▶ YOUR GOAL
Don't include any picture when you restate the data word for word.

▶ Data extracted from a collection
######
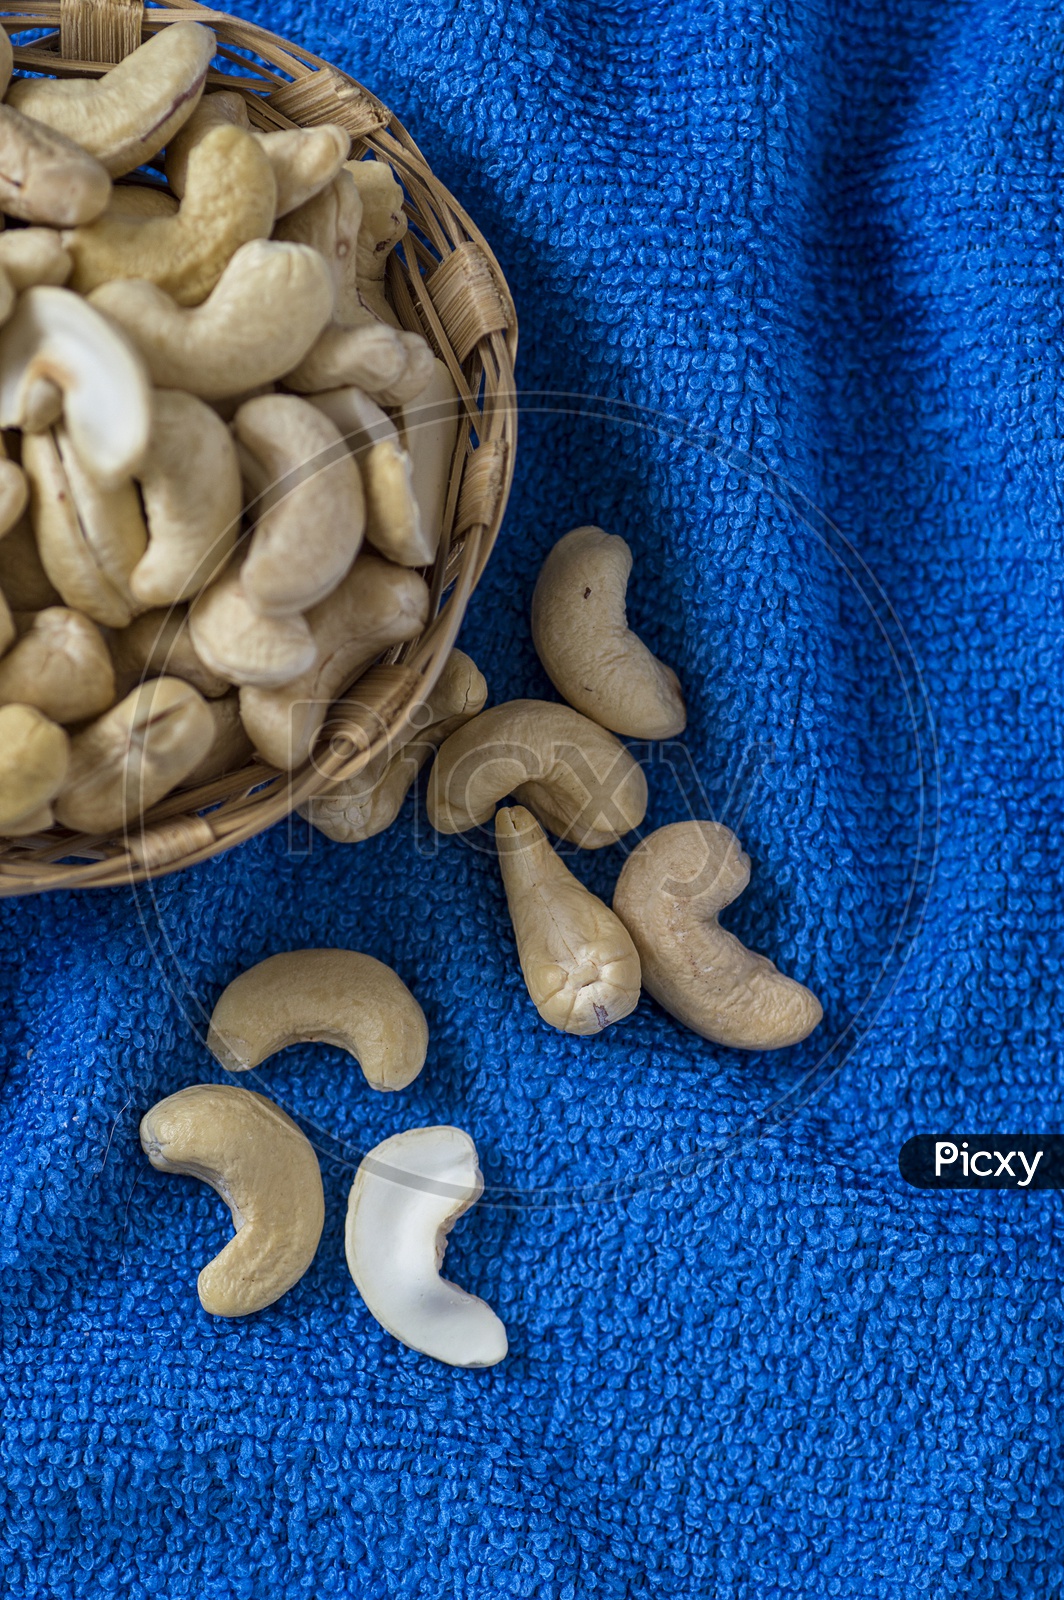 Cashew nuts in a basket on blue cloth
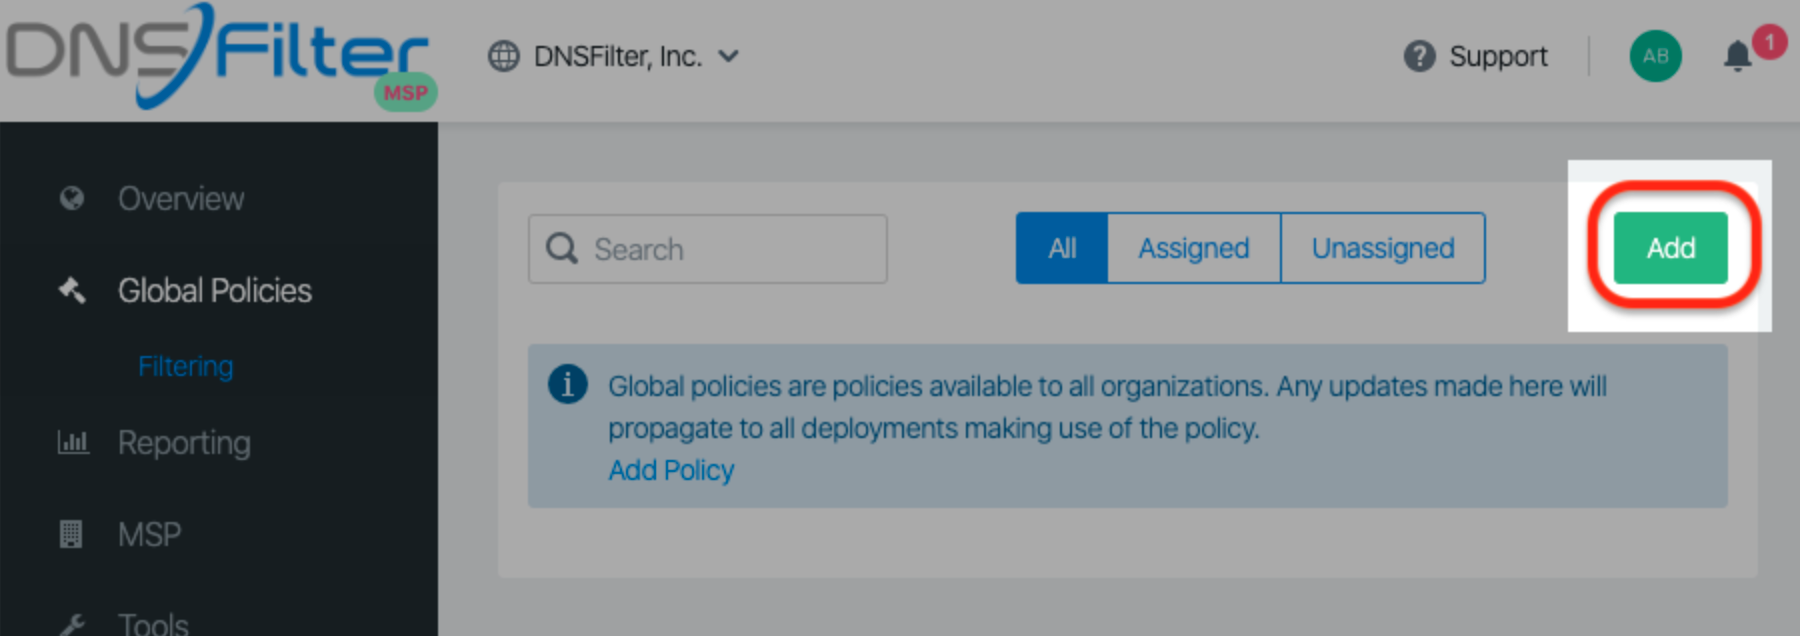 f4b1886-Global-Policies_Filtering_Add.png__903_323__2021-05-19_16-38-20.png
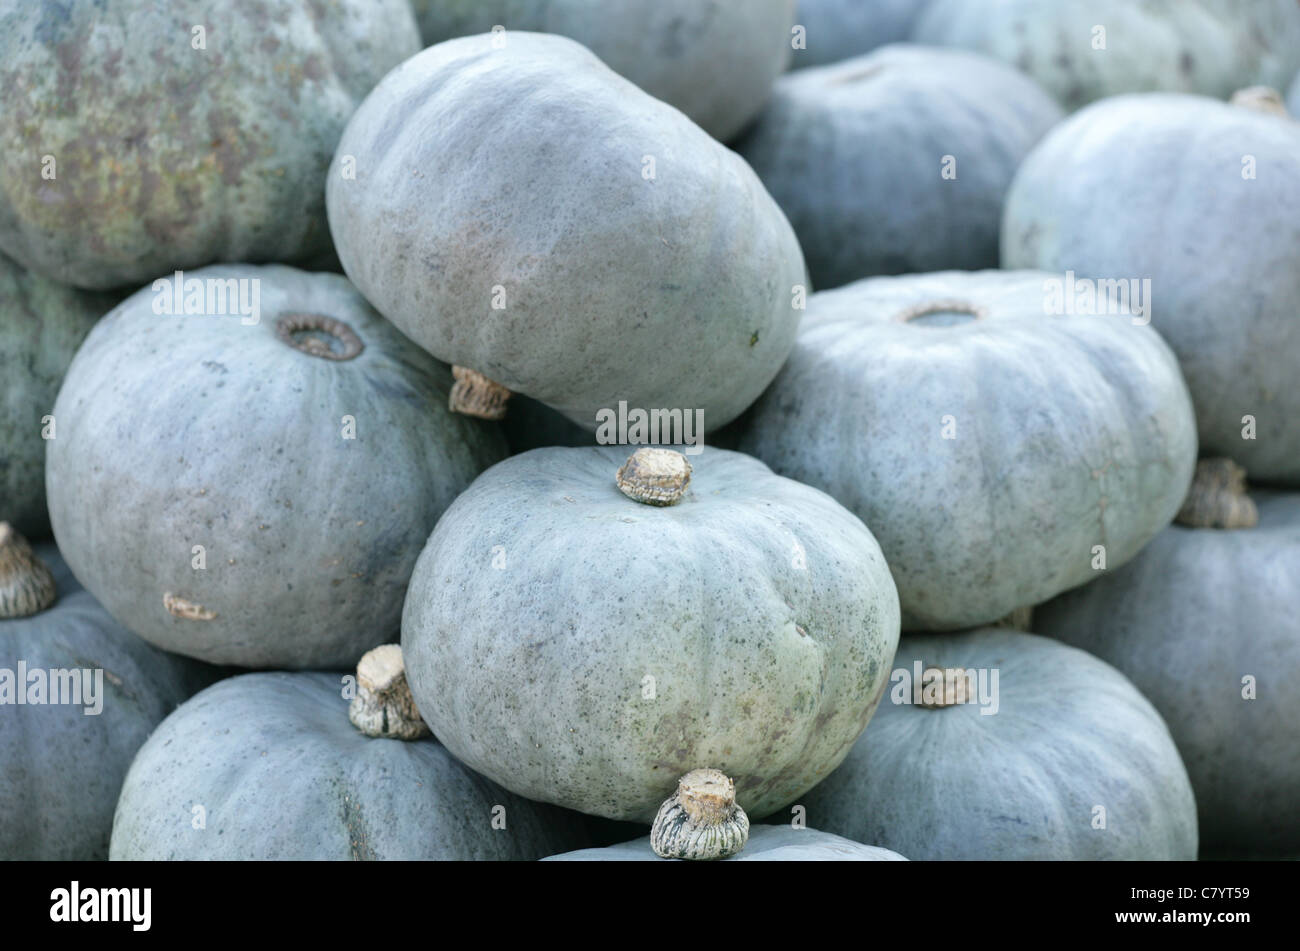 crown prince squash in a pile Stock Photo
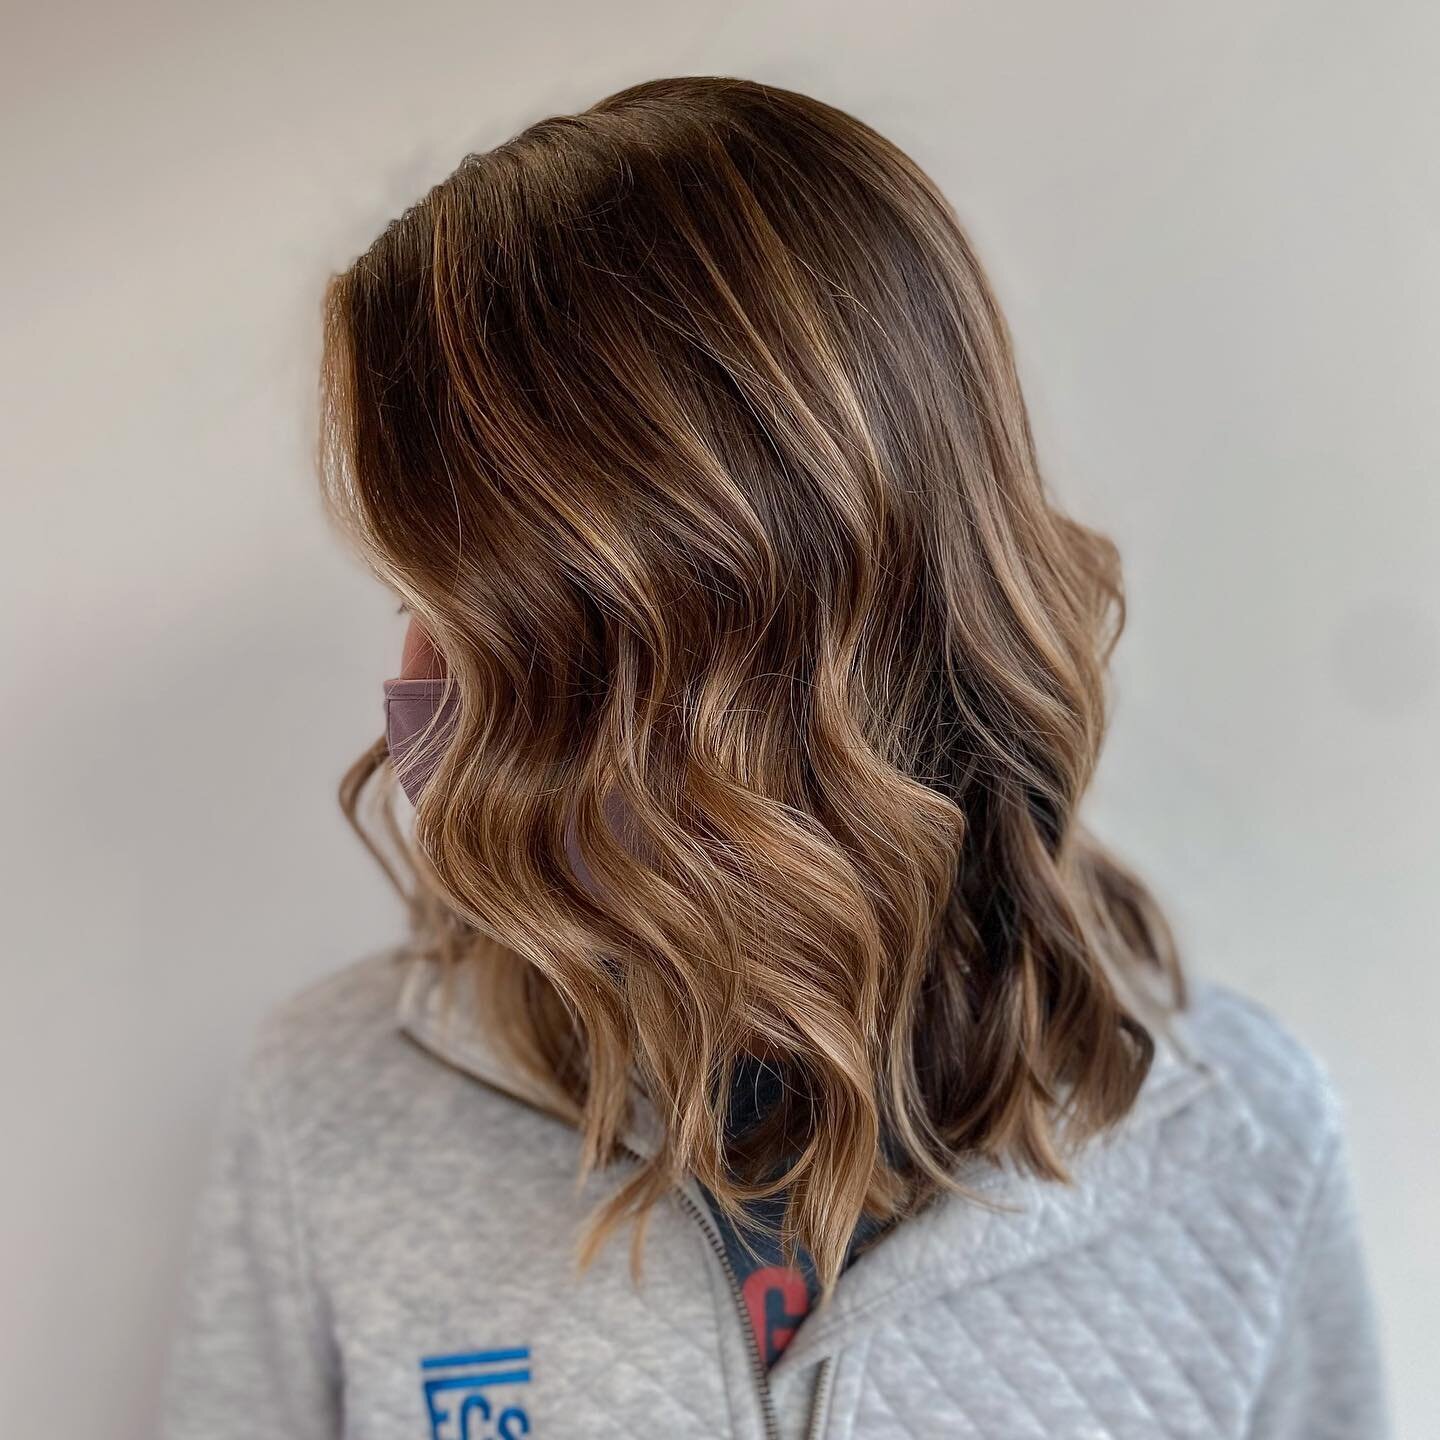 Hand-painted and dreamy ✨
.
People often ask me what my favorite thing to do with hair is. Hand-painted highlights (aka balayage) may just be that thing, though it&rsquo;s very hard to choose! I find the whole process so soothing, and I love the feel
######
▶ RESPONSE
 Cashew nuts in a basket on blue cloth
 f4b1886-Global-Policies_Filtering_Add.png__903_323__2021-05-19_16-38-20.png
 crown prince squash in a pile Stock Photo
 Hand-painted and dreamy ✨
.
People often ask me what my favorite thing to do with hair is. Hand-painted highlights (aka balayage) may just be that thing, though it&rsquo;s very hard to choose! I find the whole process so soothing, and I love the feel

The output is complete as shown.